The High Value Council Tax Surcharge (HVCTS) is a new charge on owners of residential property in England worth £2 million or more (in 2026), which will take effect in April 2028.

Homeowners, rather than occupiers, will be liable to the surcharge and will continue to pay their existing Council Tax alongside the surcharge. The surcharge will be £2,500 for properties between £2 million and £2.5 million and rises to £7,500 for properties above £5 million.

The Valuation Office will conduct a targeted valuation exercise to identify properties above £2 million. Revaluations will be conducted every five years.

Other measures

Making Tax Digital for Income Tax (MTD IT)

The requirement to file tax returns using MTD IT will come into effect from 6 April 2026.

Initially affected will be those with annual income from a sole trader business or property, or both together, of £50,000. This will drop to £30,000 from 6 April 2027, and to those with incomes over £20,000 by the end of the Parliament.

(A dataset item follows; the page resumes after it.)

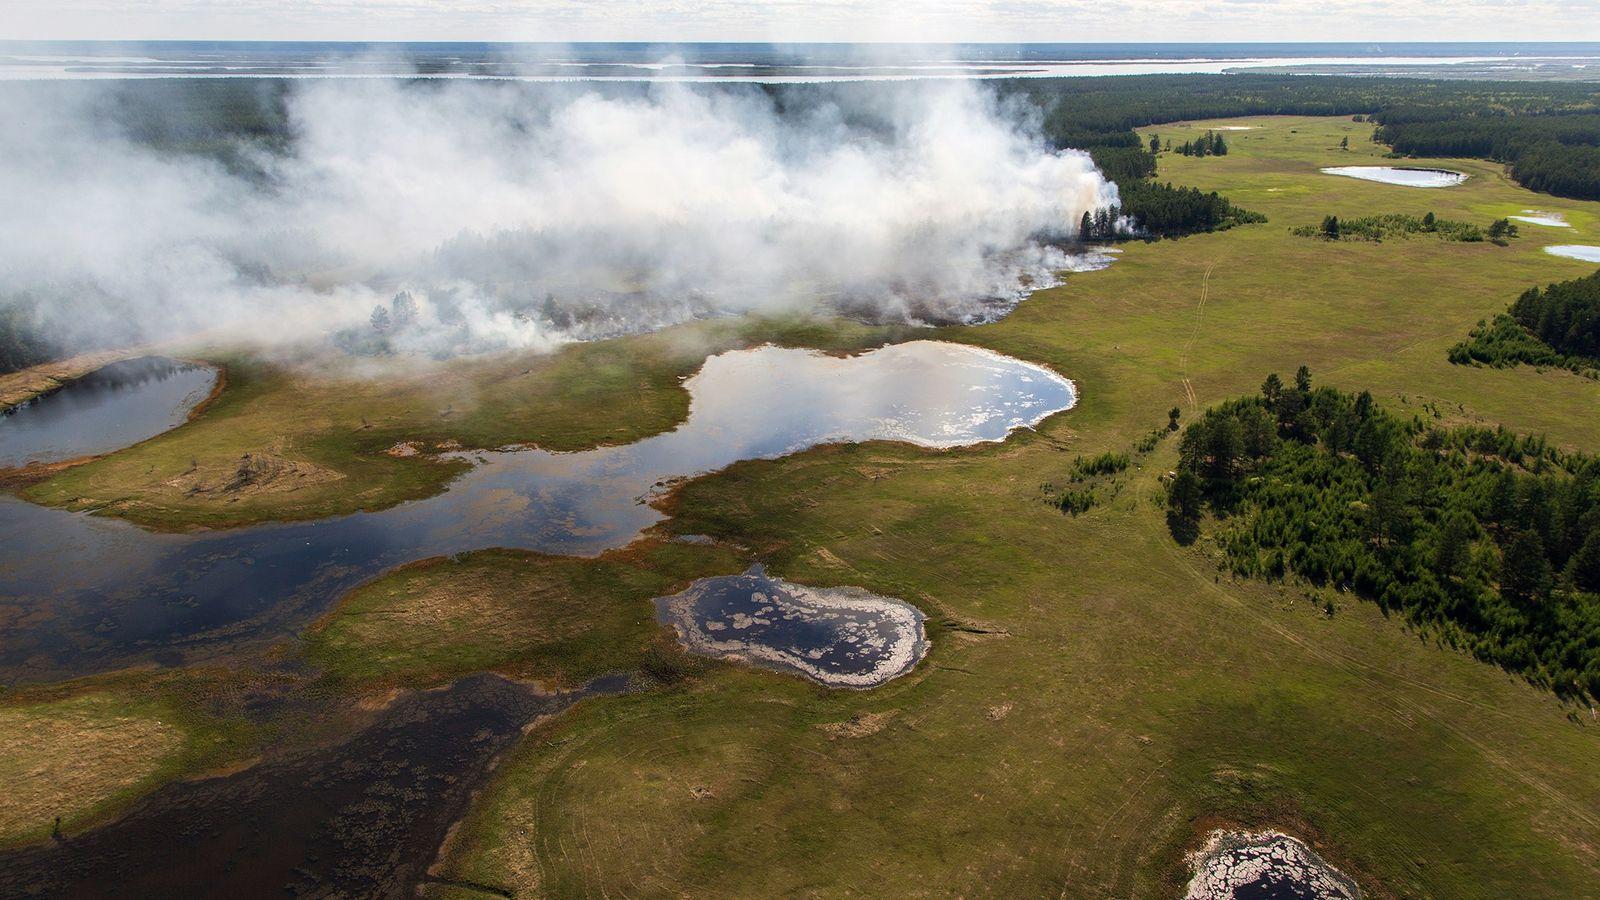 Une forêt brûle en Yakoutie centrale, l'une des régions les plus froides de Russie. Les forêts ...

Late submission penalties will not apply for quarterly updates during the 2026/27 tax year. The new penalty regime for late submission and late payment will apply to all self-assessment taxpayers not already due to join the new system from 6 April 2027.

The government will also increase the penalties due for late payment of self-assessment income tax and VAT from 1 April 2027.

Fuel duty

Fuel duty was frozen, and the 5p cut beyond March 2026 was retained. It will now be reversed in stages between 1 September 2026 and 1 March 2027. Inflationary increases in the duty are planned to resume in April 2027.

Electric Vehicle Excise Duty

The government is introducing Electric Vehicle Excise Duty (eVED), a new mileage charge for electric and plug-in hybrid cars, with effect from April 2028. Drivers will pay for their mileage on a per-mile basis alongside their existing Vehicle Excise Duty.

Electric cars will pay half the equivalent fuel duty rate for petrol and diesel cars, and plug-in hybrid cars will pay a reduced rate equivalent to half of the electric car rate.

National Living Wage (NLW)

From 1 April 2026, the NLW which applies to those aged 21 or over will rise from £12.21 per hour to £12.71. There are also increases to the rates that apply to workers aged 18 to 20 (£10.85) and under 18s and apprentices (£8.00).